Windows Kernel-Mode Process and Thread Manager
A process is a software program that is currently running in Windows. Every process has an ID, a number that identifies it. A thread is an object that identifies which part of the program is running. Each thread has an ID, a number that identifies it.
A process may have more than one thread. The purpose of a thread is to allocate processor time. On a machine with one processor, more than one thread can be allocated, but only one thread can run at a time. Each thread only runs a short time and then the execution is passed on to the next thread, giving the user the illusion that more than one thing is happening at once. On a machine with more than one processor, true multi-threading can take place. If an application has multiple threads, the threads can run simultaneously on different processors.

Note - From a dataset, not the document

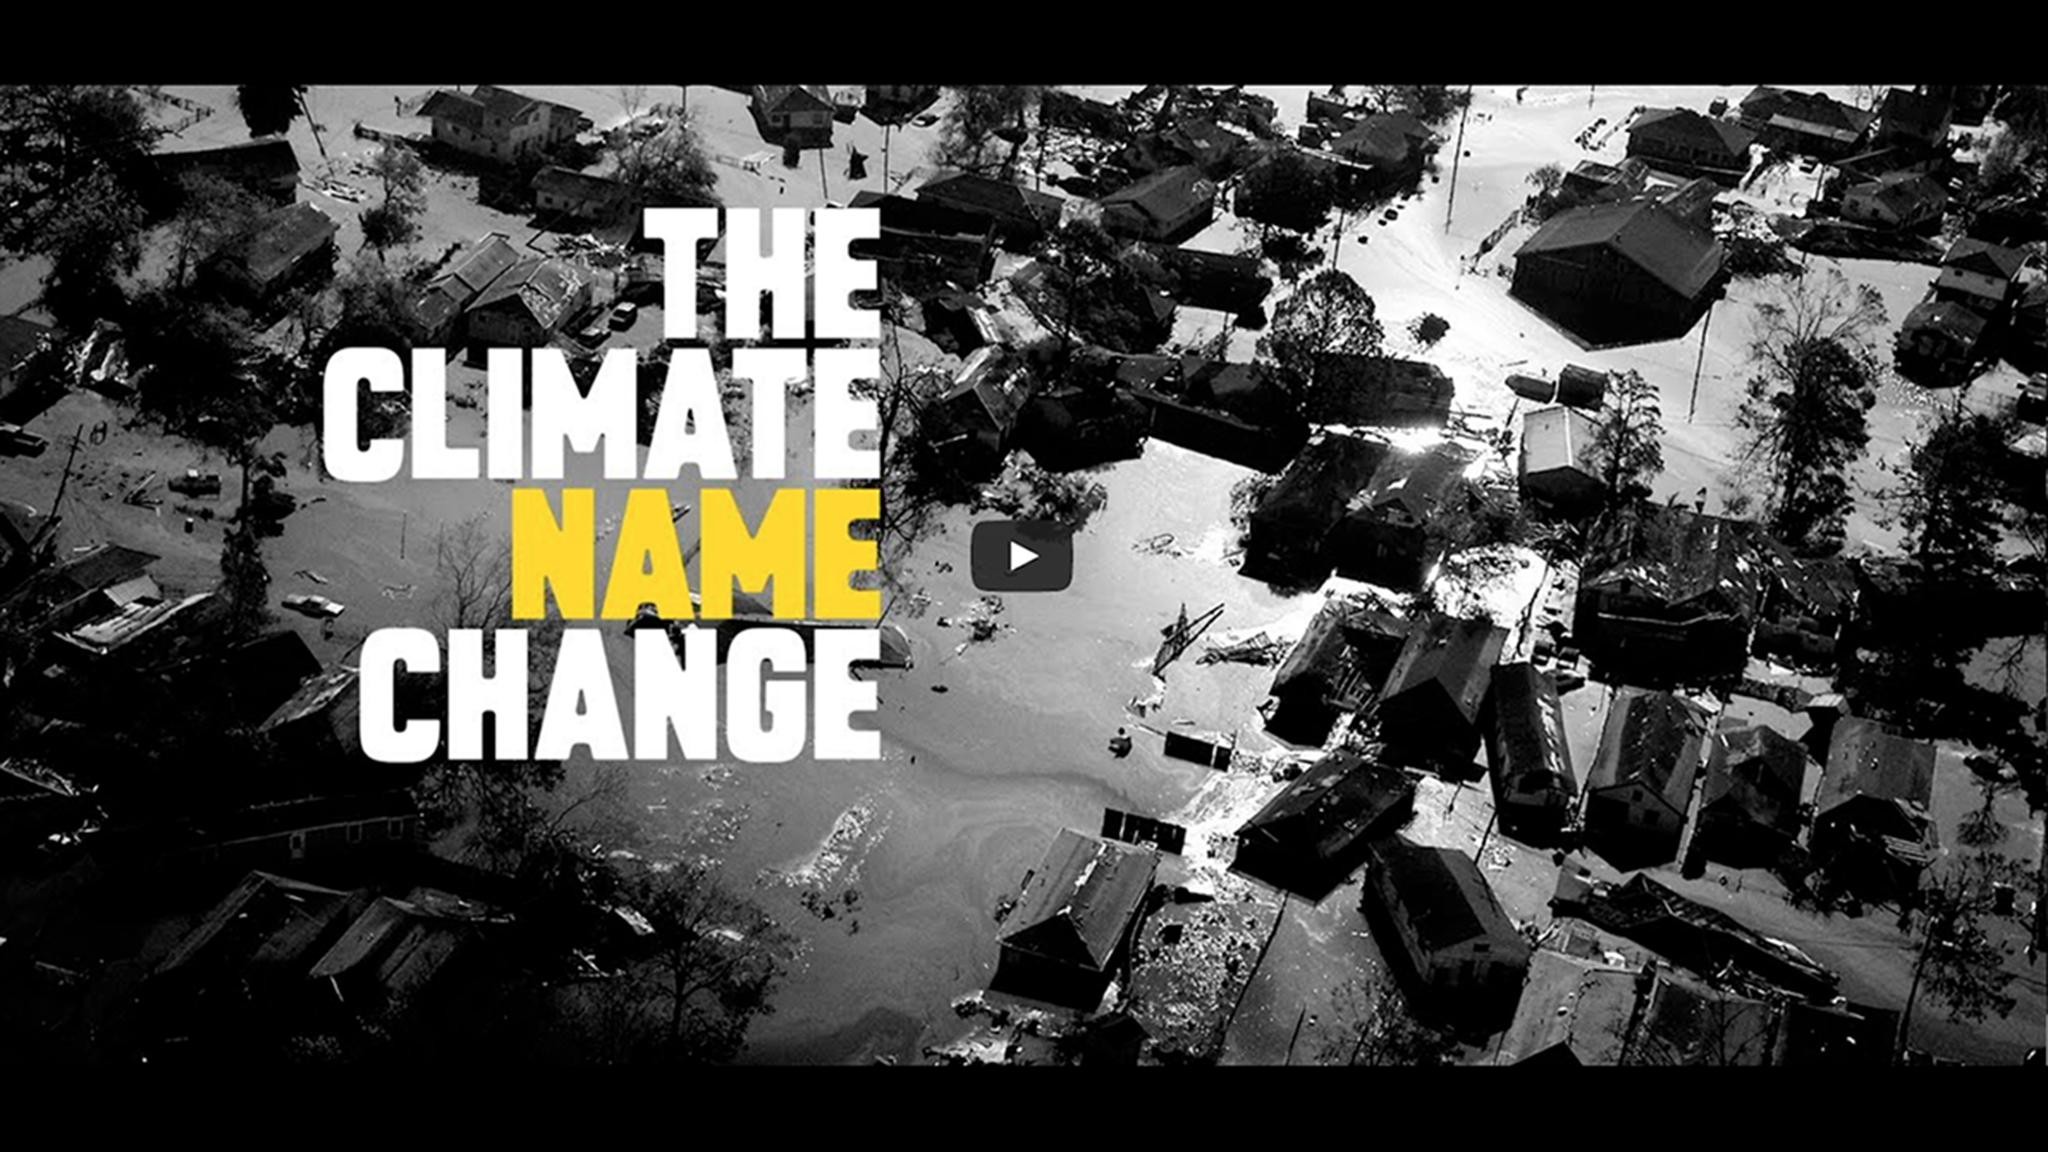 CLIMATE NAME CHANGE

The Windows kernel-mode process and thread manager handles the execution of all threads in a process. Whether you have one processor or more, great care must be taken in driver programming to make sure that all threads of your process are designed so that no matter what order the threads are handled, your driver will operate properly.
If threads from different processes attempt to use the same resource at the same time, problems can occur. Windows provides several techniques to avoid this problem. The technique of making sure that threads from different processes do not touch the same resource is called synchronization. For more information about synchronization, see Synchronization Techniques.
Routines that provide a direct interface to the process and thread manager are usually prefixed with the letters "Ps"; for example, PsCreateSystemThread. For a list of process and thread manager routines, see Process and Thread Manager Routines. For a list of routines that relate to processes, threads, and synchronization, see Synchronization.